生活者の意識・実態に関する調査をおこなうトレンド総研では、健康効果があらためて見直されている「緑茶」について、注目されているポイントをまとめ、8月中旬に発表した。
国連教育科学文化機関(ユネスコ)の「無形文化遺産」に、「和食:日本人の伝統的な食文化」が登録されたことをきっかけに、現在、日本の伝統的な食文化があらためて見直されている。中でも注目したいのが、和食に欠かせない飲み物であり、古くから健康にもよいと言われる「緑茶」。現在、小学校給食への緑茶の導入を新たに検討する地域が登場するなど、大きな関心が寄せられているほか、海外でも人気が急速に高まっている。

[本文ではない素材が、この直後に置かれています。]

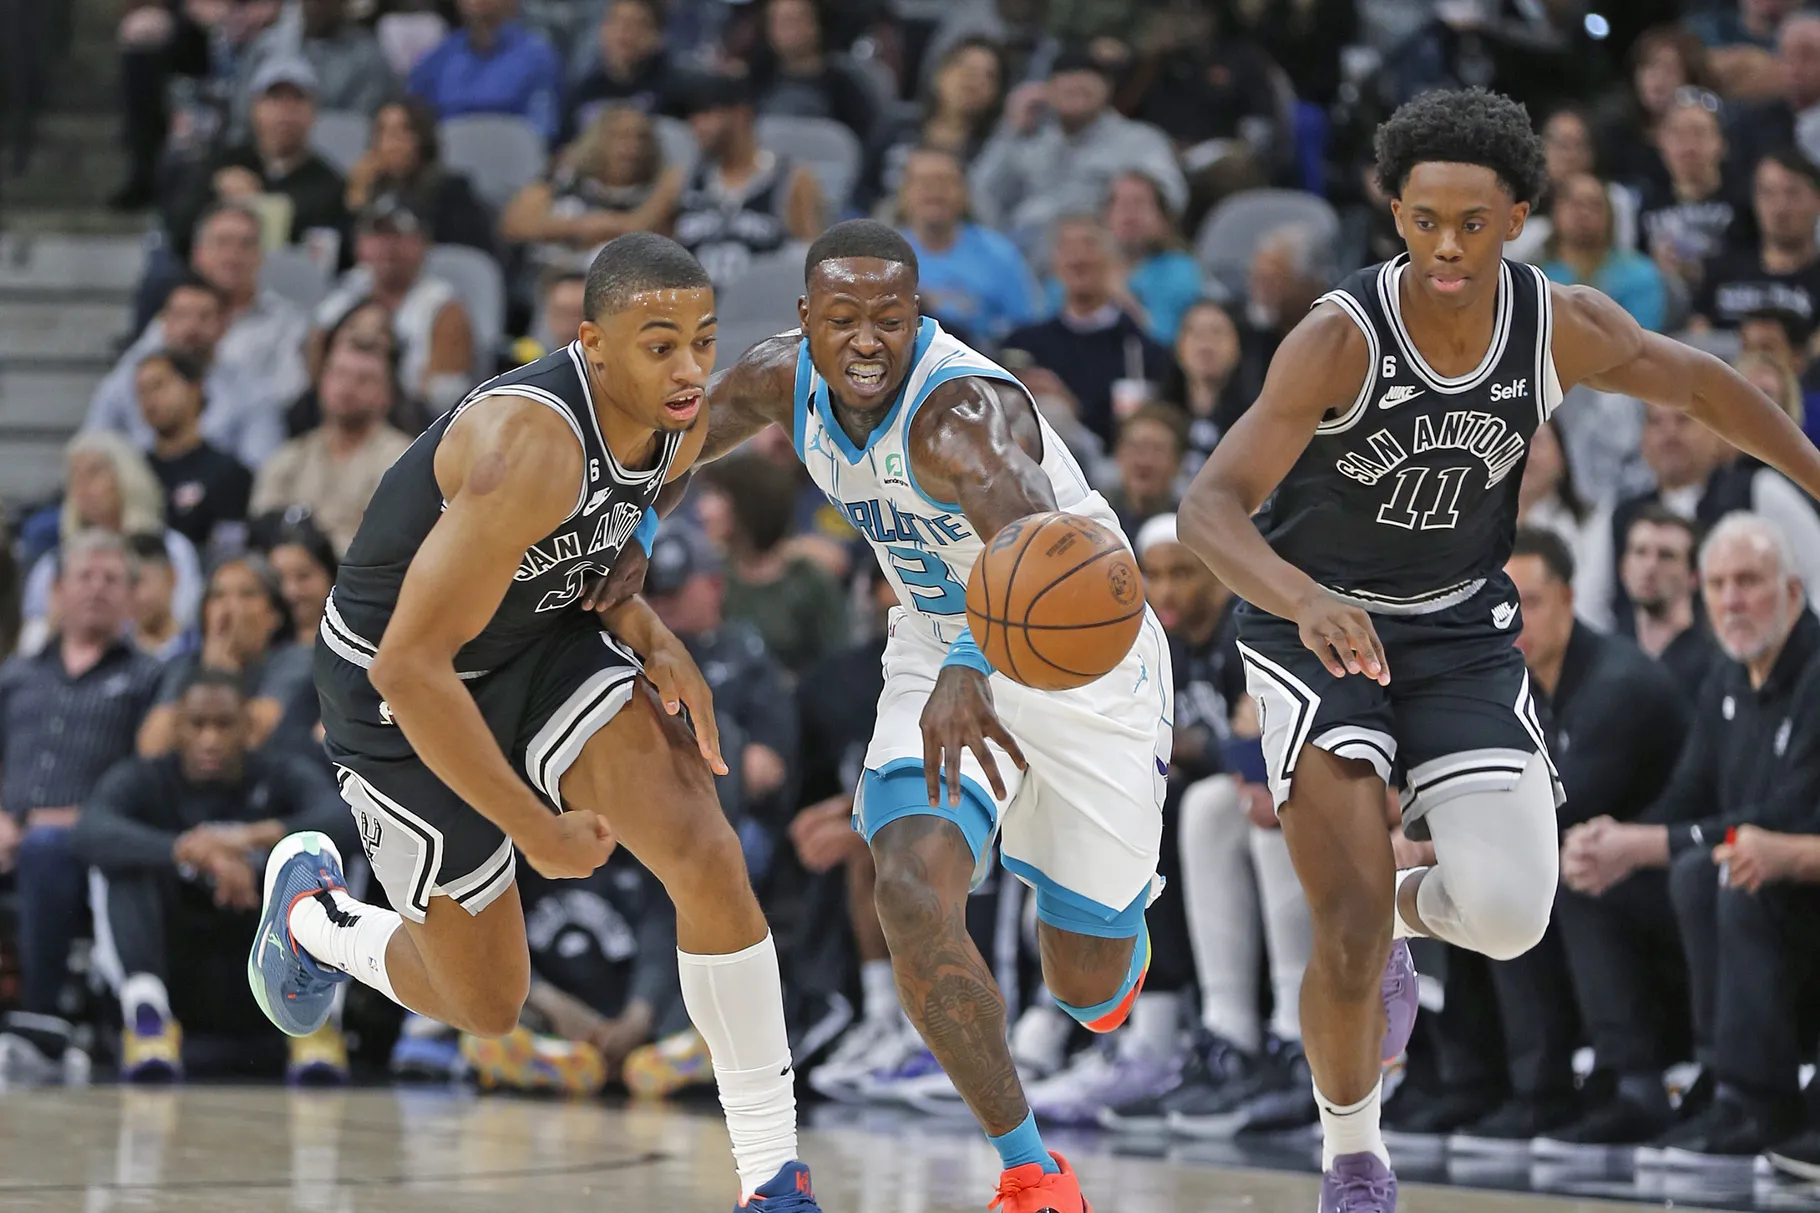 Spurs and Hornets players rush to a loose ball

実際に、緑茶には人間の健康に役立つさまざまな機能性成分が含まれており、多様な効果・効能があることがわかっています。例えばその代表格である緑茶カテキン(ポリフェノールの一種であり、お茶の渋みの主成分)については、抗酸化作用、抗菌作用、抗インフルエンザ作用などさまざまな健康効果が報告されている。またその他にも、ここ数年でさまざまな新しい研究結果が発表されており、緑茶の健康効果にあらためて関心が集まっている。

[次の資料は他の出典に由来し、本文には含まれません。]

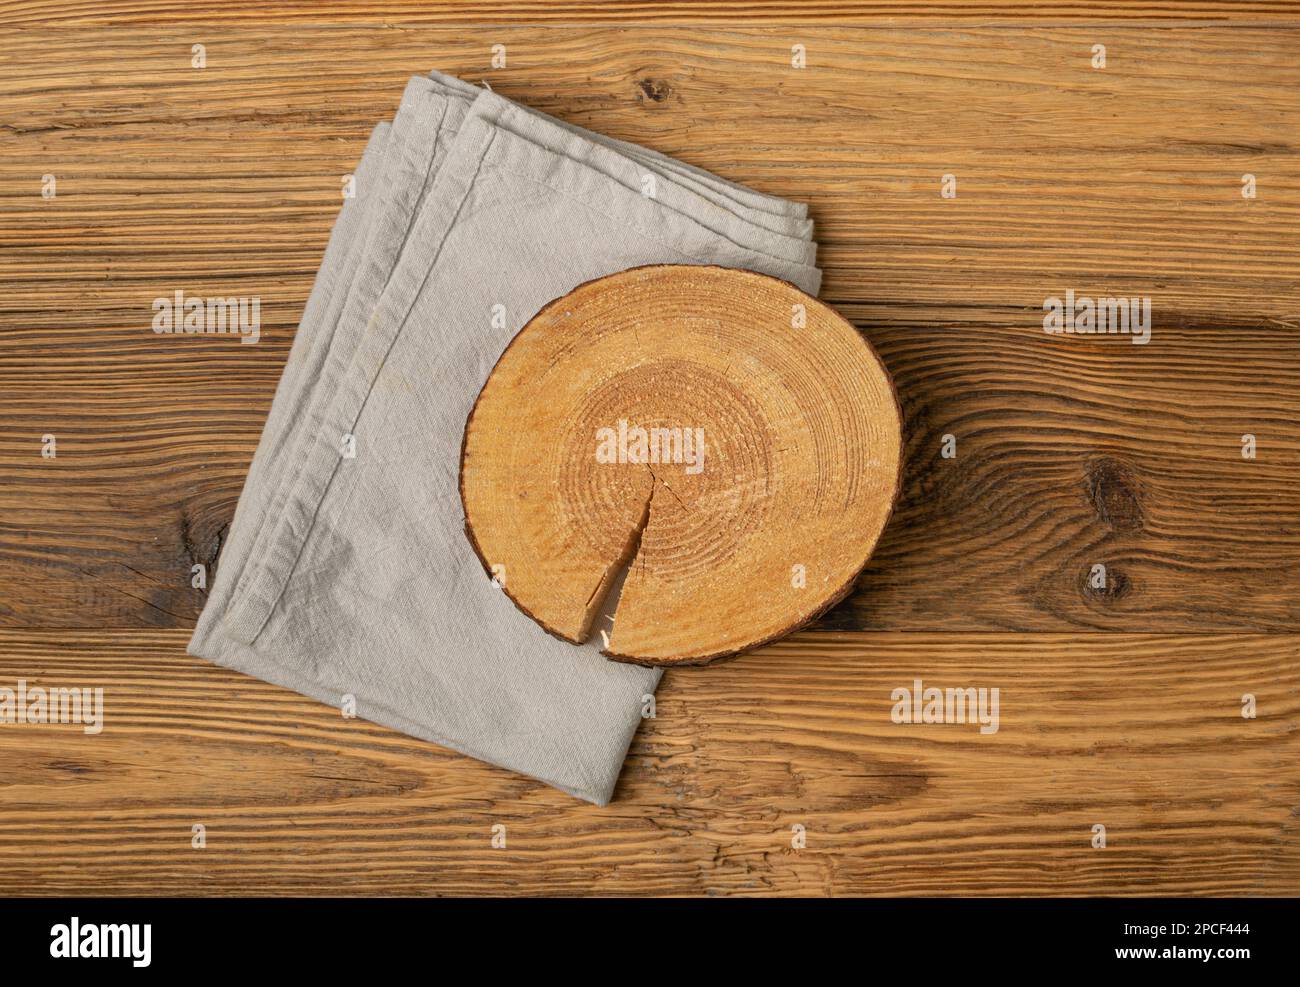 Old wood cutting board mockup with a vintage chopping board

今回は特に、認知症の予防にもつながるとみられる「認知機能の改善」にフォーカスし、最新の研究内容についてレポートする。
■認知機能の改善に緑茶が有効
日本人の4人に1人が65歳以上になった現在の超高齢化社会において、認知症高齢者の増加は深刻な社会問題となっている。認知症とは、加齢に伴う生理的な認知機能の変化ではなく、病的な認知機能の低下により、日常生活・社会生活を営むことが困難になった状態を指す。
日本人の認知症の原因となる疾患は、大きく、神経変性疾患、脳血管性認知症、その他に分類される。神経変性疾患の代表はアルツハイマー病で、認知症の原因疾患で1番多く、2番目に多いのが脳血管性認知症。この2つが認知症の原因の大半を占めている。
もともと、緑茶カテキンやテアニンなどの緑茶成分が神経の保護作用をもつことはいくつもの基礎研究で示されていましたが、2013年の「第54回 日本神経学会学術大会」にて発表された、伊藤園中央研究所・静岡県立大学薬学部 山田浩教授・社会福祉法人 白十字ホームの共同研究によると、ヒトを対象とした臨床試験においても、緑茶抹の摂取により「認知機能」低下の改善が確認されている。
同研究は、認知機能が低下気味の高齢者を対象としたもの。本人および家族から文書同意を得られたホーム入居中の方で、認知機能検査の点数が27点以下の高齢者(平均年齢 88歳、男性2名、女性10名)が、緑茶抹を1日2g(総カテキン量 約227mg)、3か月間摂取したところ、12名中8名に改善が見られた。さらに検査のうち、近時記憶(数分から数時間、数日など新しい記憶)を評価する項目で、特に顕著な改善が見られた。
この研究結果から、緑茶を継続的に飲用し、緑茶カテキンを摂ることで、認知機能改善などの効果が期待できることがわかった。普段の食事の中で、継続的に緑茶を飲用する日本文化に、あらためて注目が集まることが予想される。